How To Make It In The Art Business


Neal’s 2002 portrait of Les Coleman advising him to ‘Paint Cats’.

A bomber pilot, writer, publisher, chat-show host and bohemian bon viveur who teetered through Soho’s hedonistic circles, John Watson was the colourful grandfather Neal Fox barely knew. In 1982, as revealed in the Daniel Blau monograph on Fox entitled 2000 Light Years from Home, Watson wrote a letter to his grandson aged one, to be opened only on his 21st birthday in 2002. In it, he suggested that Fox should raise a toast and “Smell the roses on the way along”, advice he has been following ever since.


A photo of Les Coleman showing Neal a Magritte book.

Equally formative to Fox as he was growing up was family friend, Les Coleman, an artist-writer and teacher, and author of Meet The Art Students, which I reviewed here. Coleman would expose Fox from an impressionable age to René Magritte, Robert Crumb, Art Spiegelman and other painters and comix artists and stimulate discussions and responses. Drawing had always been important to Fox since childhood, when he designed elaborate comics with younger brother Leigh or a booklet of portraits of every member of the Royal Family including the corgis.

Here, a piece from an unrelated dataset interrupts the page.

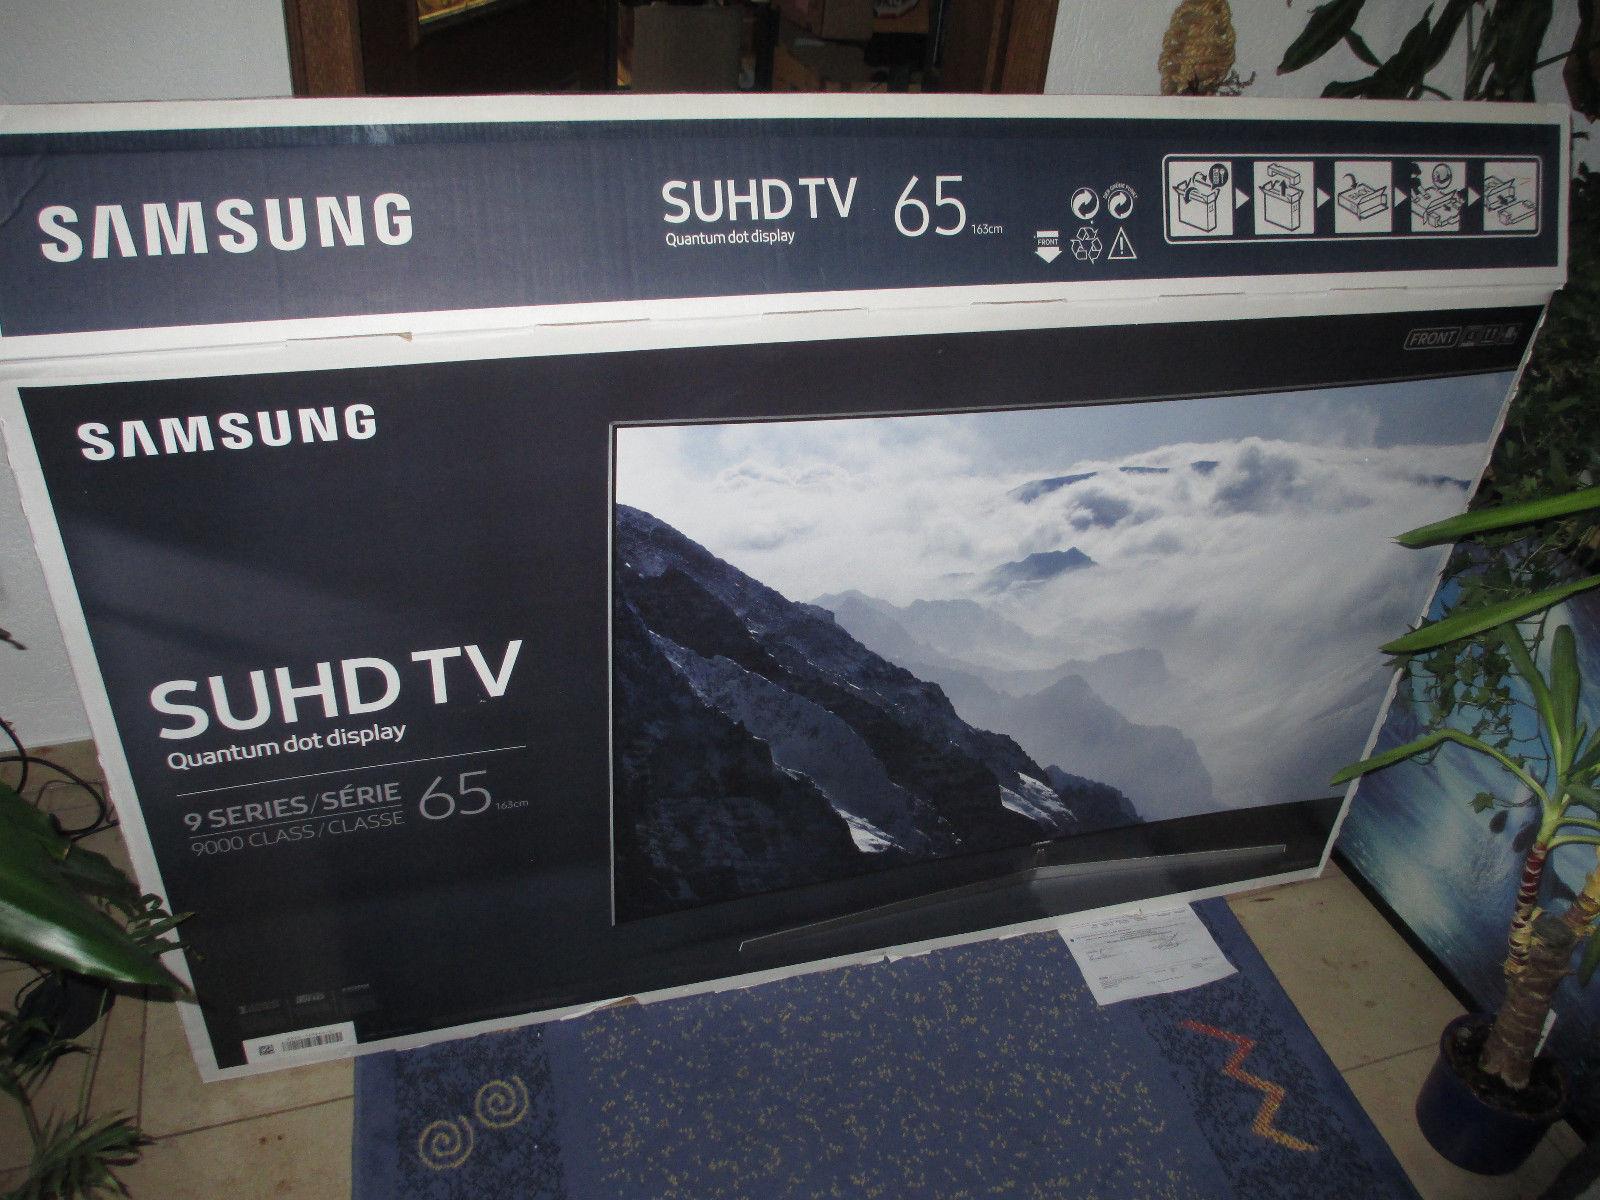 Samsung 4K 65 Zoll SUHD TV UE65KS9090T (deutsches Modell mit OVP +Restgarantie)

A childhood strip by Neal Fox.

After his studies at Camberwell College of Arts, Fox was unsure how to continue making his art and was jokingly advised by Coleman: “Paint cats.” Out of their shared satirical perspective evolved a stinging script by Coleman entitled How To Make It In The Art Business, which Fox illustrated as a one-page comic distributed via BookArtBookshop, London and Boekie Woekie, Amsterdam in 2002.


How To Make It In The Art Business (2002)
Click image to view larger.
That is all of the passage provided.